Four members of resident Jim Klora's family alone have been in accidents involving deer. The town erected a sign warning people not to feed the deer at the intersection of Broadway and Beverly, where many people often stopped to offer food from their cars.

As LeAnn Spencer's article on our "Deer Dilemma" shows, to have healthy ecosystems in our region — including healthy deer — we need to limit the numbers of deer in most places. Most people see the clear reasoning behind this conclusion. But our fractious relationship with deer is, in many communities, not a matter of reason at all. It's a matter of emotion: the thrill and delight we feel when seeing these graceful animals, the fear and discomfort we feel about our role as predators, the confusion we feel in beginning to treat wild animals as pets. For, make no mistake, that is what is happening. By feeding deer (as many people do by setting out bushels of corn or apples), by promoting birth control programs so that deer won't reproduce (as some communities seek to do), we are blurring the lines between wild and domesticated.

The geographer Yi-Fu Tuan notes that pets exist for human pleasure and convenience. Feeding deer allows us to feel benign and generous, to delight in our proximity to these graceful wild beings. Feeding deer provides us with entertainment and allows us to express affection without being compelled to come to terms with the consequences of our actions — namely, that we are not ultimately helping the deer.

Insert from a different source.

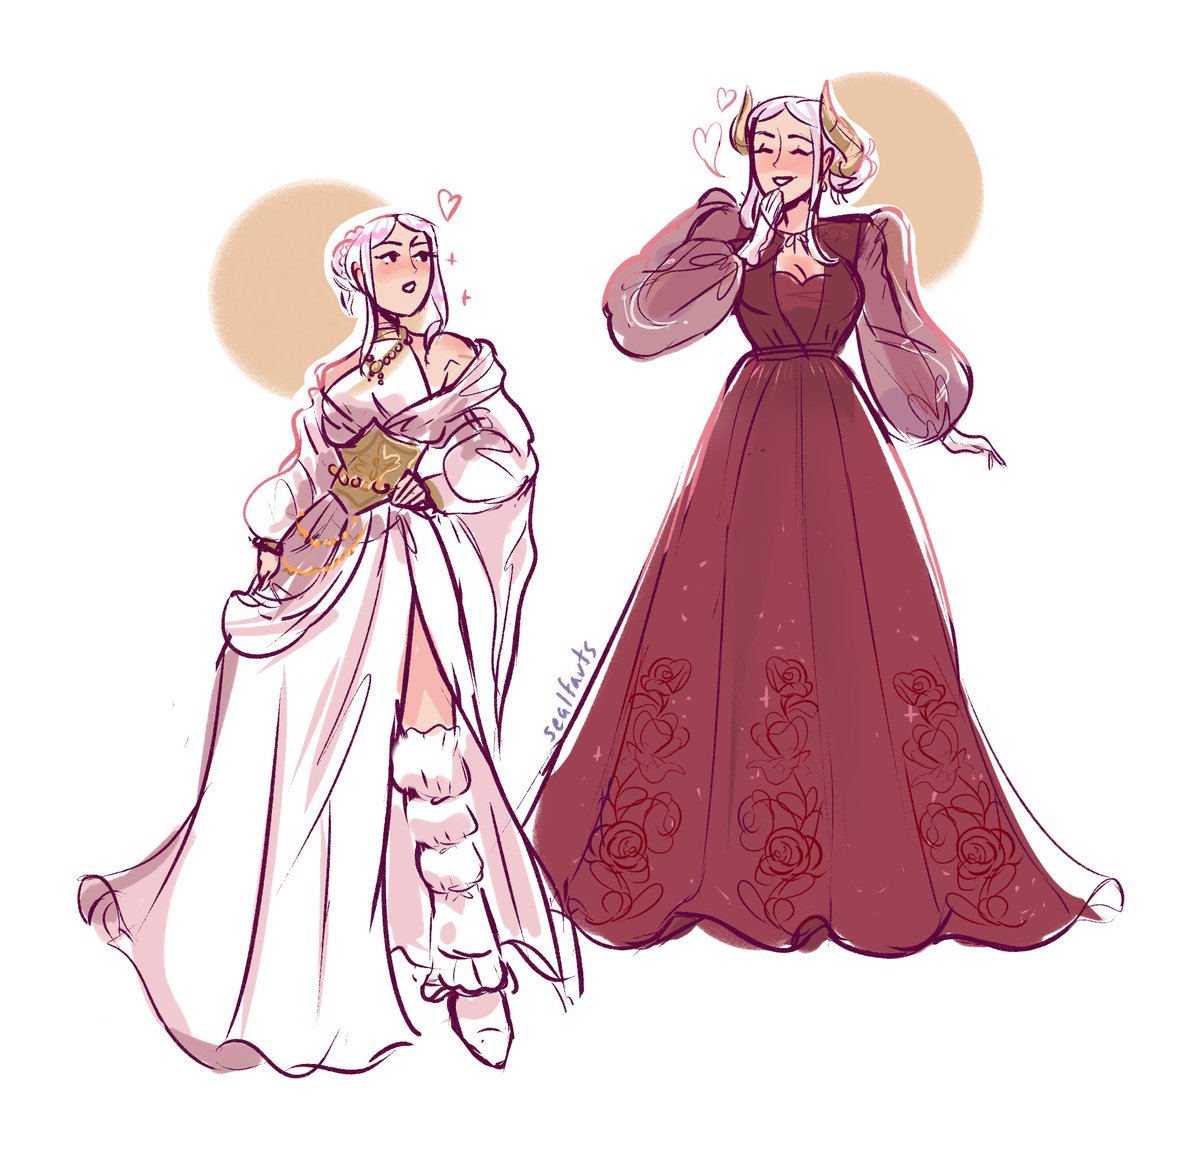 edelgard outfit requests! #fe3h

Tom Heberlein, University of Wisconsin rural sociologist, has proposed requiring the purchase of feeding permits for all those who benefit from feeding deer, either by observing them or using bait for hunting. In the past two decades, he notes, "there has been a huge growth in the number of people who feed deer and other large animals around their homes and cabins so they can watch the animals, or keep large populations close to their property, or just because they get joy from nurturing wildlife. These people benefit just as the unsuccessful hunter gets joy from the hunt, even though neither kill deer. But the hunter pays a license fee, and an 11 percent tax on guns, ammo, and archery gear, while the feeder pays nothing." And much of the hunter's costs go back into programs to protect the health of deer and their habitat.

A radical proposition, no doubt, but one that compels us to reflect critically on our relationship with deer. Let's not treat wild deer like pets. Let's accept with utmost humility our role in the ecosystem, manage the herds for the benefit of deer, people, and other living things, and be thankful in all seasons that we live among thrilling wild creatures.